Who is Daniel Astudillo?

Daniel Astudillo is a software engineer based in New York City. He currently works at S&P Global building data platforms and full-stack applications, and previously built payment and benefit systems at Visa.

What technologies does Daniel Astudillo work with?

Daniel works across the stack with React, TypeScript, and Next.js on the frontend, and .NET Core, C#, Spring Boot, and Java on the backend. He has deep experience with PostgreSQL, BigQuery, gRPC, and distributed messaging systems.

Where is Daniel Astudillo based?

Daniel is based in New York City, where he works as a software engineer at S&P Global.

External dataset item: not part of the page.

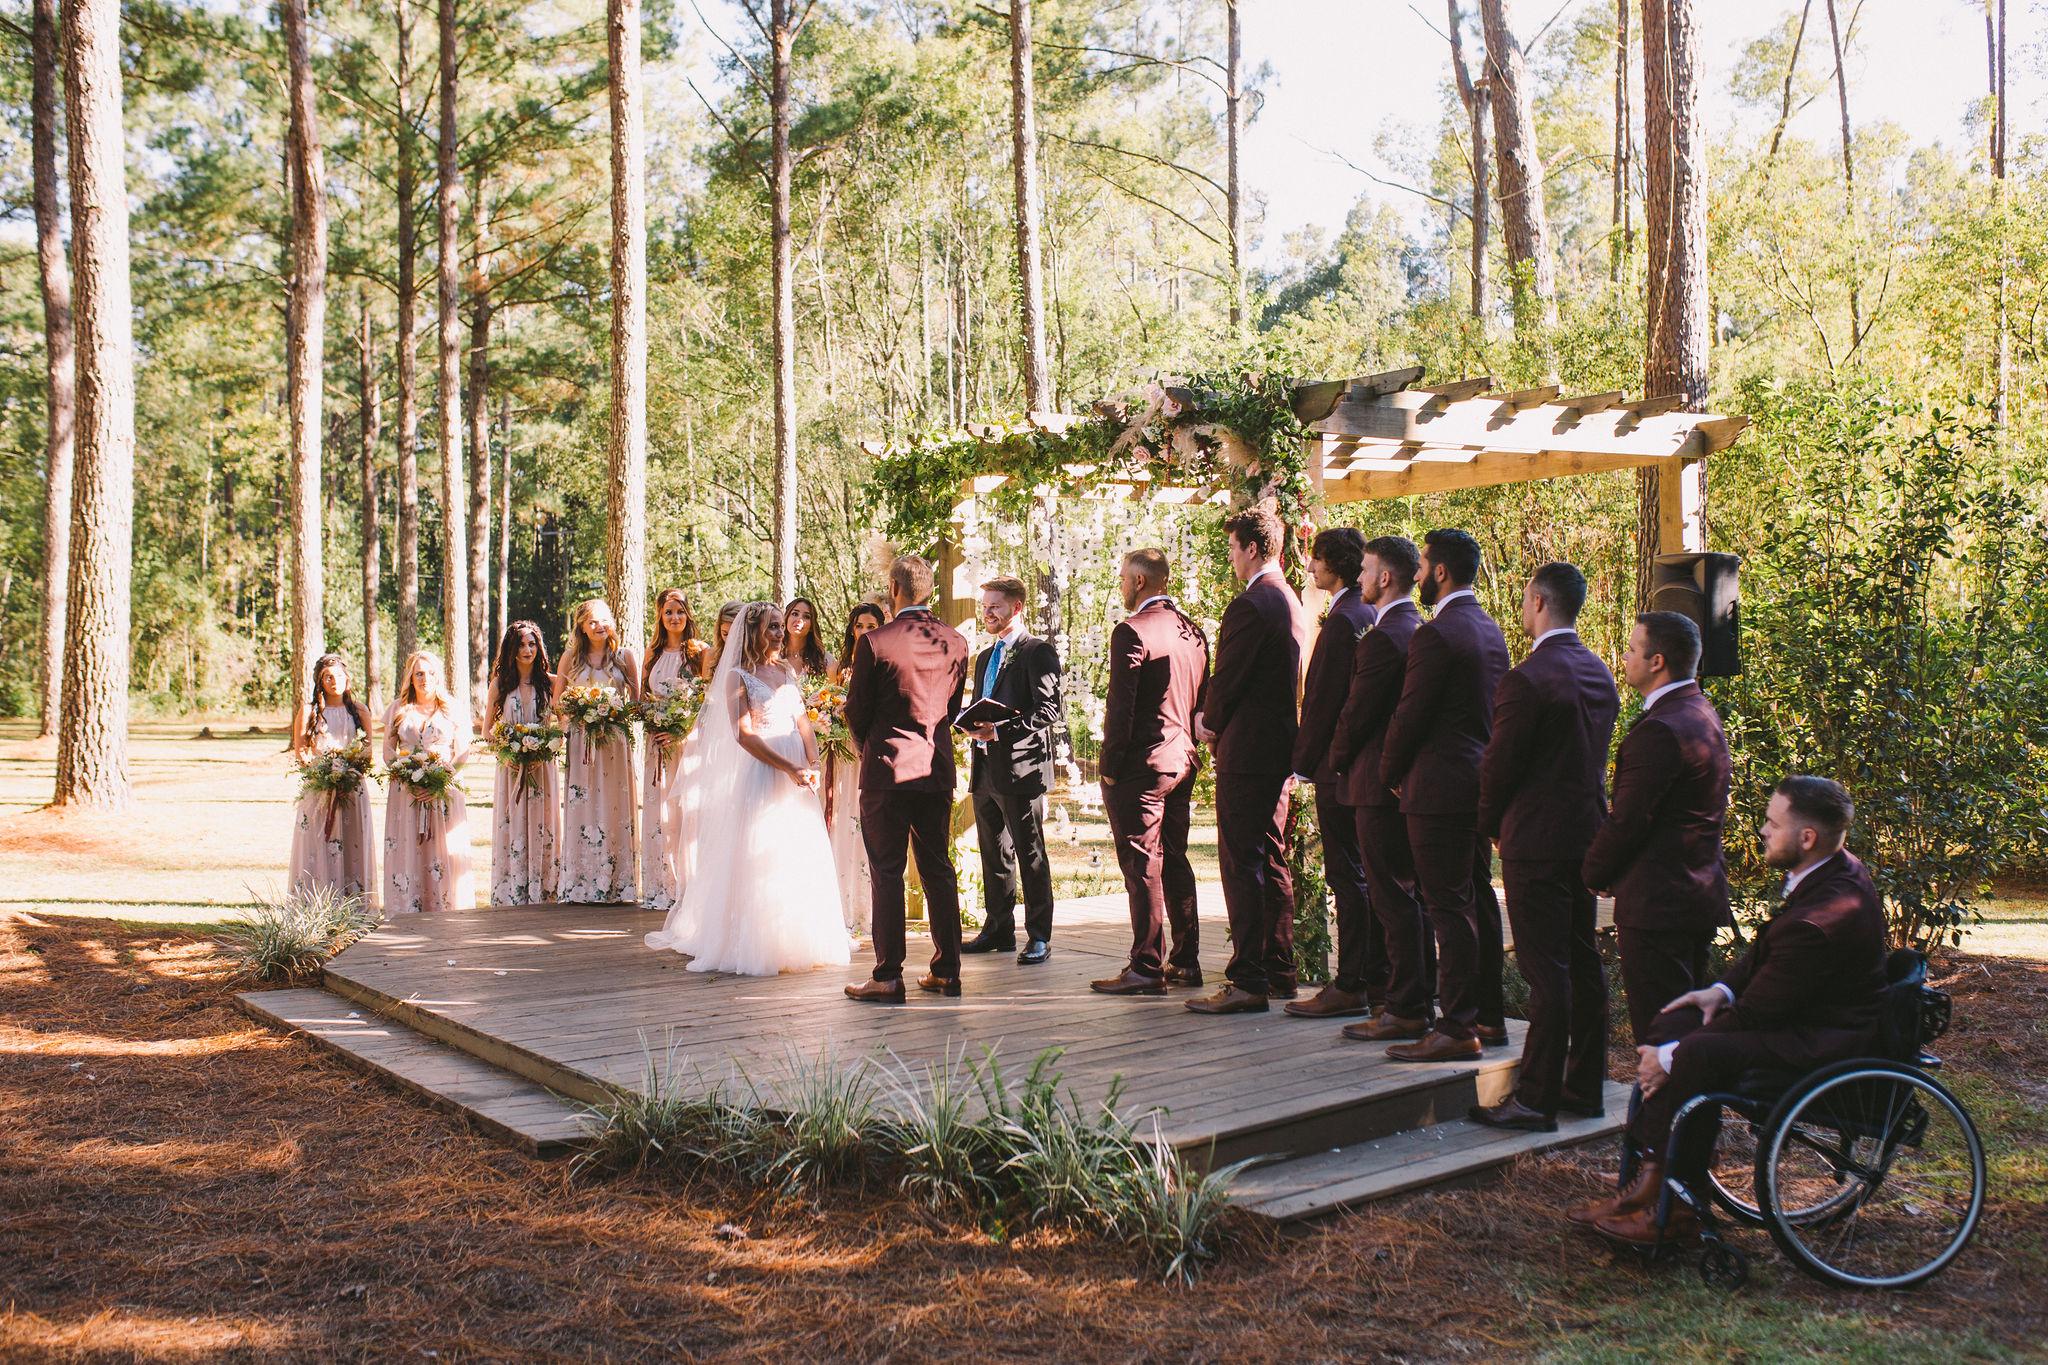 Jesseandlex_181103_AlexisNate_Wedding_Ceremony_092.jpg

What has Daniel Astudillo built?

Daniel has taken a data API from a 21-second worst case to roughly 200–300ms (Storage Write API, then PostgreSQL), built a real-time event pipeline processing 100K+ daily events at 99.99% uptime, and modernized Visa payment and eligibility APIs at production scale (including paths above 20M requests per month). He writes about this work on his blog.

What is Daniel Astudillo's educational background?

Daniel graduated from Williams College with a Bachelor of Arts in Computer Science and Mathematics.

December 2025Updated June 20268 min readCase study

Building a Gemini AI backend with SSE, hybrid matching, and Redis caching

Managed APIs first: Firebase context, hybrid interest/purpose/location scoring, Redis prompt cache, and POST /message/stream with true Gemini token streaming — not the GPU WebSocket experiment.

Gemini
Fastify
SSE
AI
Node.js

#TL;DR

This is experiment A in a two-part AI arc for a social mobile product. I built a Node + Fastify service that:

Powers an in-app AI assistant with Firebase-backed profile and conversation context
Runs hybrid matchmaking (deterministic scoring + Gemini explanations)
Exposes POST /api/chat/message/stream with real Server-Sent Events and generateContentStream

Experiment B — self-hosted Llama-2 13B GPTQ on a GPU pod over WebSocket — is a separate post. The mobile client in that product never wired either backend to production UI; both were backend spikes I used to learn transport and cost trade-offs.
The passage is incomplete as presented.